Эллиот отталкивает Николаса и смотрит на портреты мистера Ольсена, которого Николас только что прооперировал, и самого Николаса, распевающего караоке в кегельбане, чего, насколько мне известно, он никогда не делал, но что ему явно не повредило бы.
— Вот это талантище! — восклицает он, переводя взгляд с рисунка на Николаса и обратно. — Да ей почти удалось изобразить тебя простым смертным.
Николас что-то еле слышно бормочет и поворачивает ключ в двери.
— Пейдж, — оборачивается ко мне Эллиот Сэйджет, — директор службы по связям с общественностью хотела пообщаться с вами относительно вашего творчества.
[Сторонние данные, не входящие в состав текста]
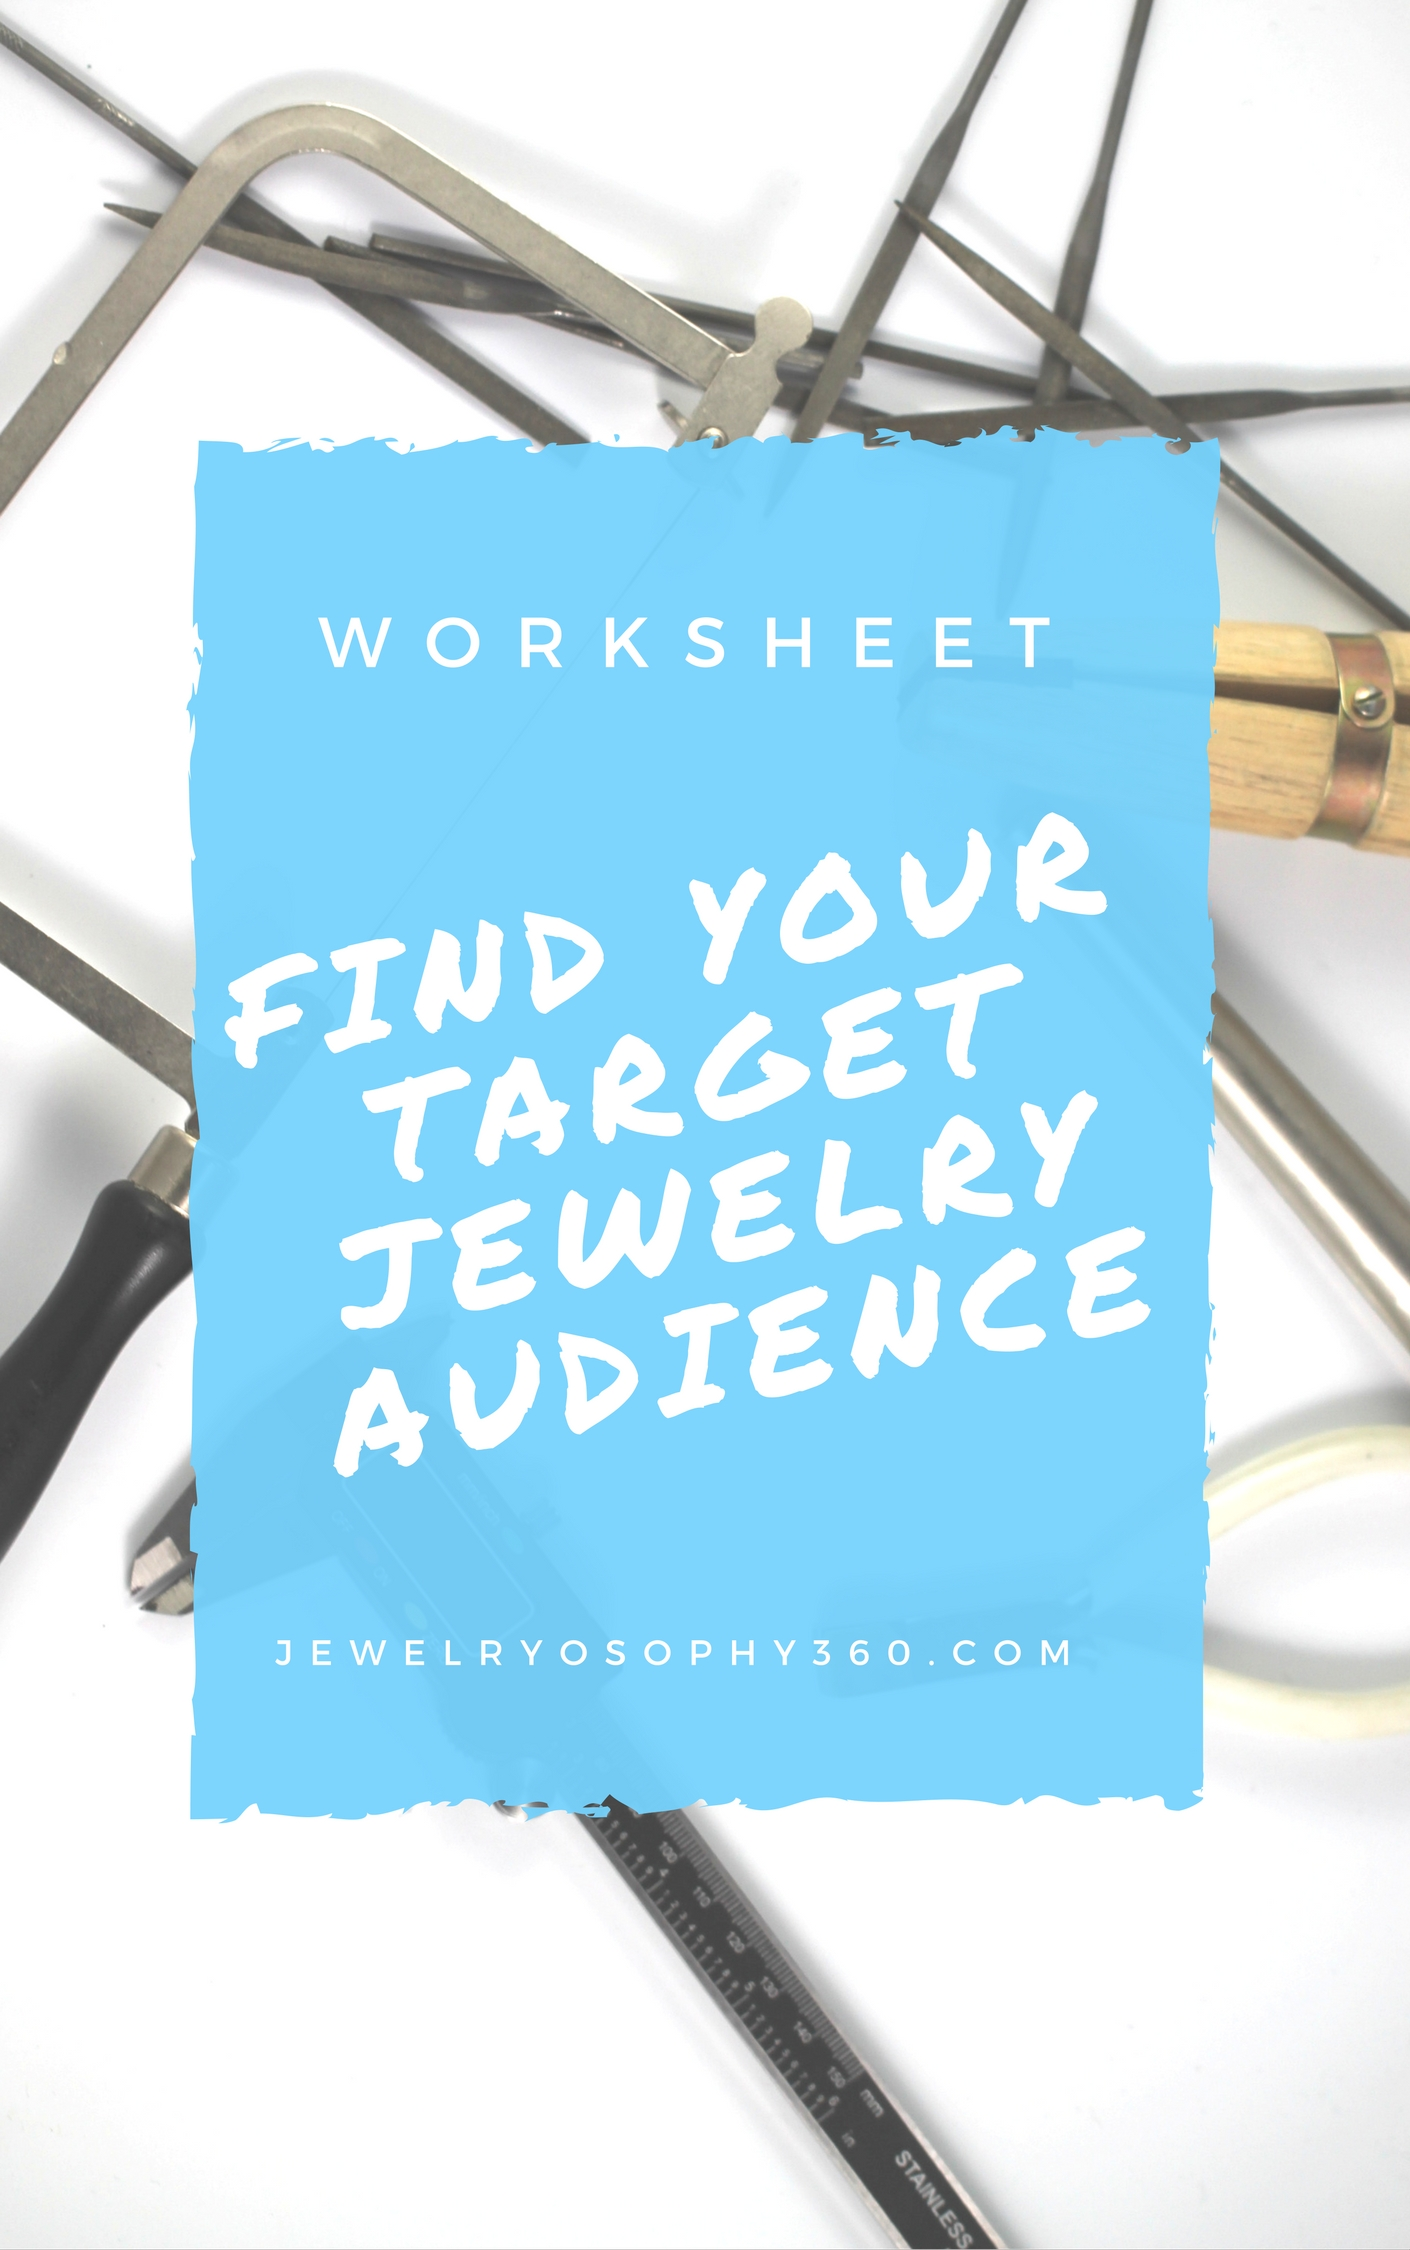 target jewelry audience.jpg

Ее зовут Нэнси Бьянна, и она просила вас заглянуть к ней, когда у вас появится свободная минутка. — Он снова улыбается, и я вижу, что в случае необходимости смогу положиться на этого человека. — Николас… — говорит он в сторону открытой двери, кивает и удаляется по коридору.
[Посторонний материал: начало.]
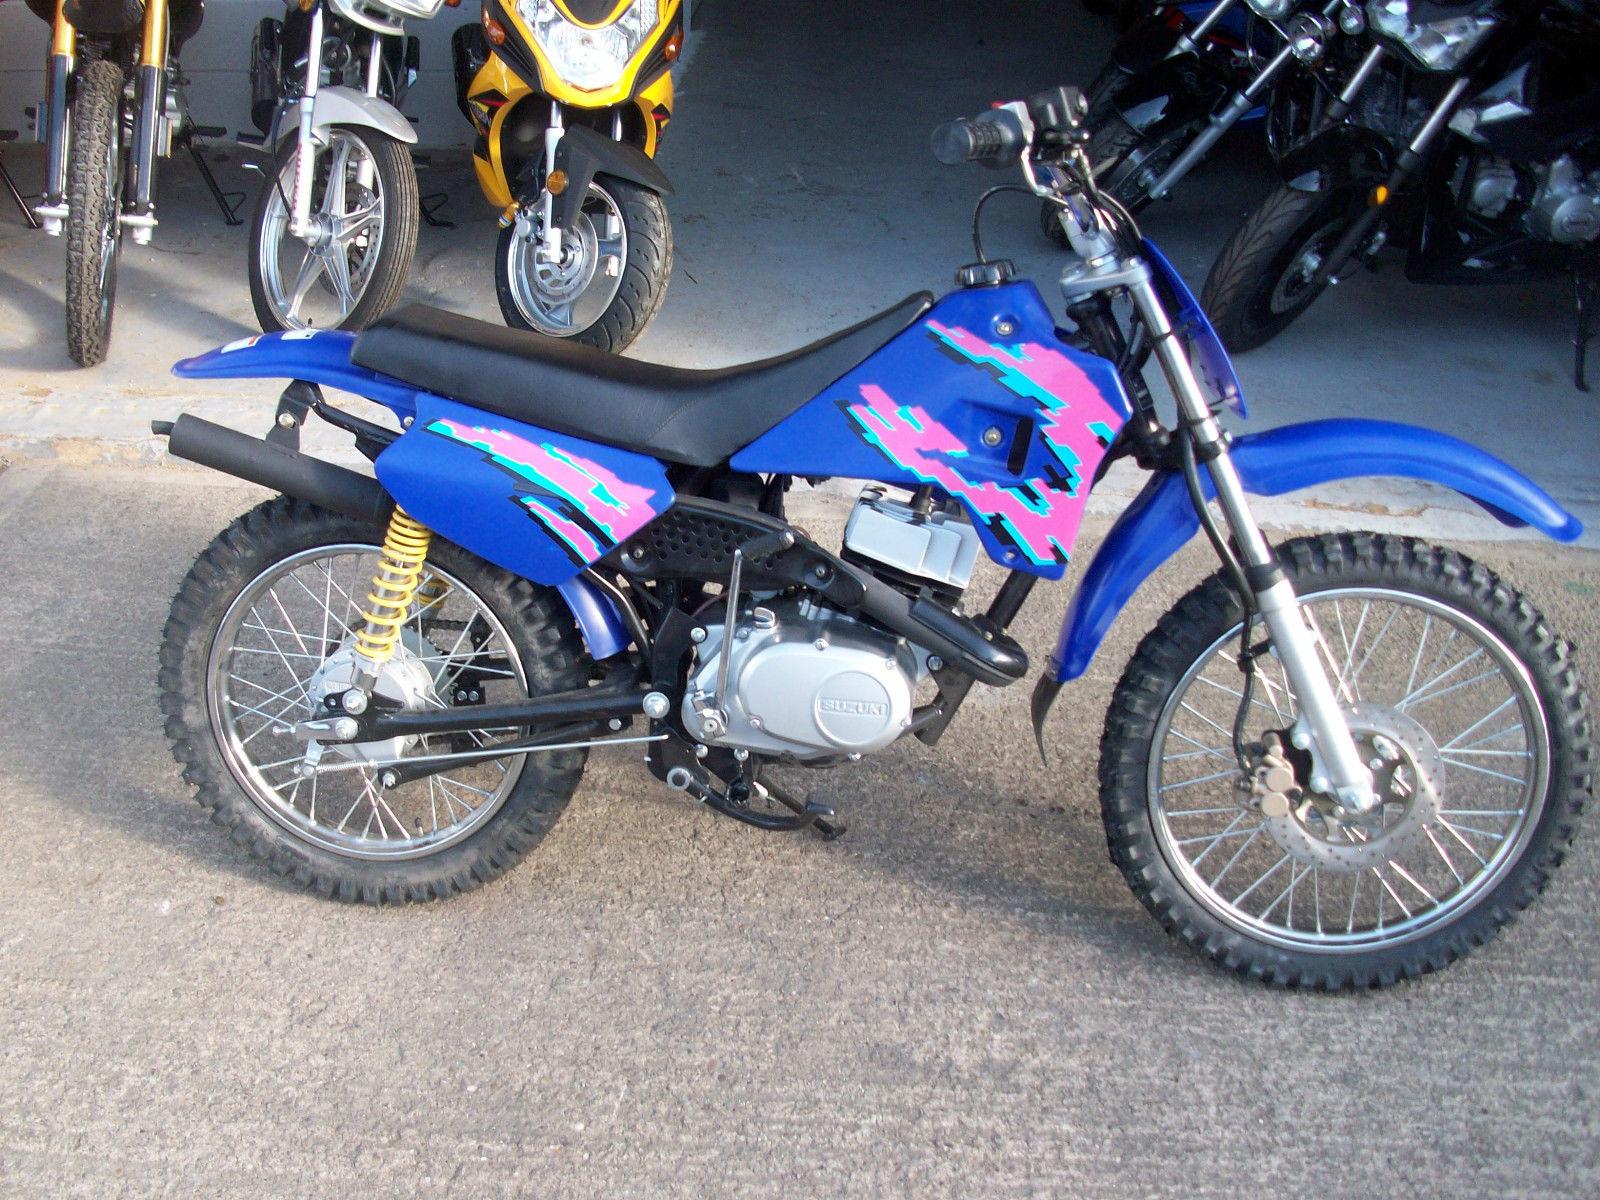 Suzuki Cougar Cc Dirt Bike

Николас наклоняется и пытается дотянуться до носков туфель. Это помогает ему облегчить боль в спине. Я часто видела, как он это делает после трудного дня, проведенного на ногах. Подняв голову, он видит, что я еще не ушла, и морщится. Он подходит к двери, срывает оба рисунка и, скомкав, бросает их в мусорную корзину.
— Совершенно необязательно это делать, — рассердившись, говорю я. Пусть эти рисунки просты и незамысловаты, но это моя работа. Я ненавижу, когда ее уничтожают без малейшей на то необходимости. — Если тебе не нужен твой портрет, что ж, так тому и быть. Но, может, мистеру Ольсену было бы интересно взглянуть на свой.
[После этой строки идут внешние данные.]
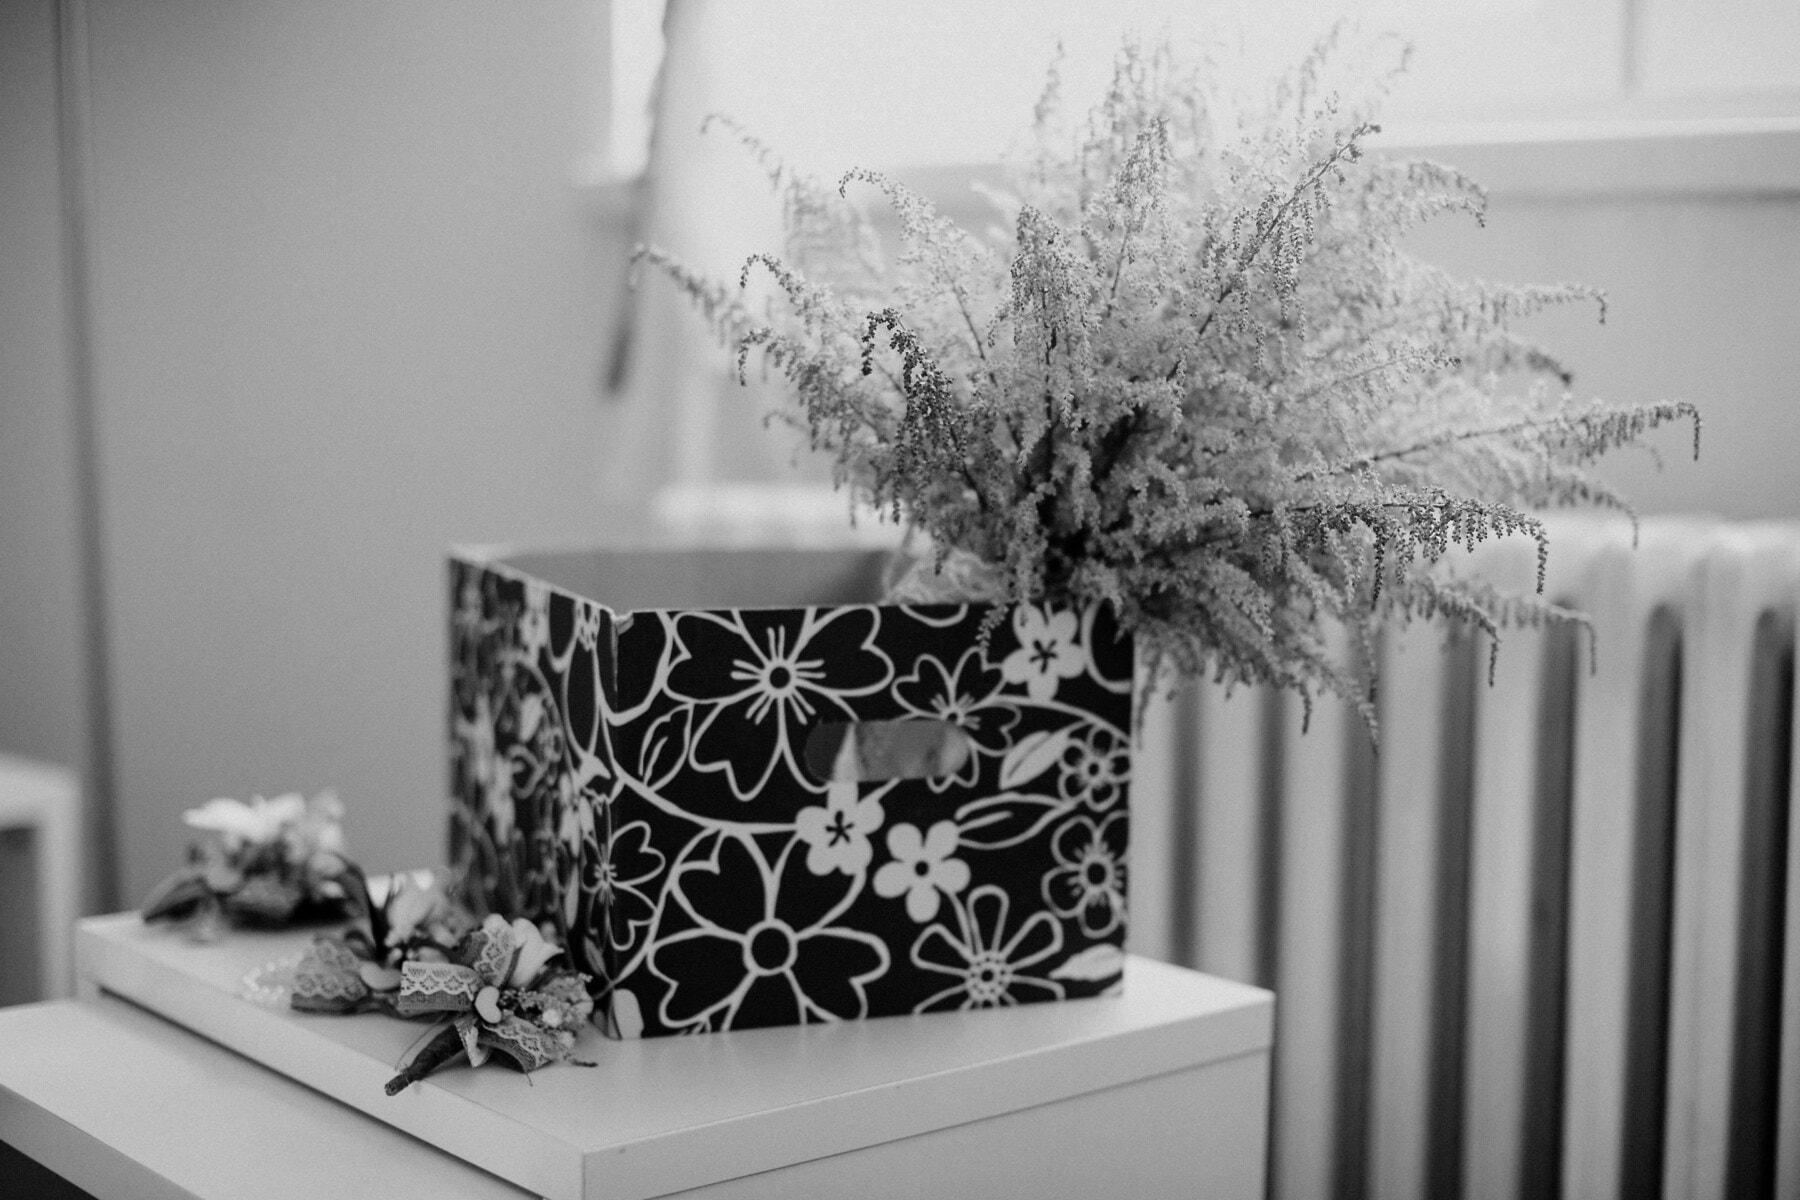 box, flowers, bouquet, black and white, gifts, interior decoration, flower, monochrome, interior design, art

Глаза Николаса темнеют, а его пальцы еще сильнее стискивают ручку двери.
— Мы не на вечеринке, Пейдж, — говорит он. — Двадцать минут назад мистер Ольсен умер на операционном столе. Быть может, теперь, — тихо продолжает он, — ты оставишь меня в покое.
***
У меня уходит сорок минут на то, чтобы доехать до дома Прескоттов. Когда я выхожу из машины, меня все еще трясет. Переступив порог, я стаскиваю с себя жакет и прислоняюсь к высокому комоду, немилосердно впивающемуся ручками ящиков мне в ребра. Морщась от боли, я бреду дальше и останавливаюсь перед старинным зеркалом. Всю последнюю неделю, где бы я ни находилась, я испытываю постоянный дискомфорт. В глубине души я знаю, что острые углы мебели, равно как и все остальные элементы обстановки, тут ни при чем. Просто дело в том, что как в прохладных больничных коридорах, так и в элегантном особняке Прескоттов я не на своем месте.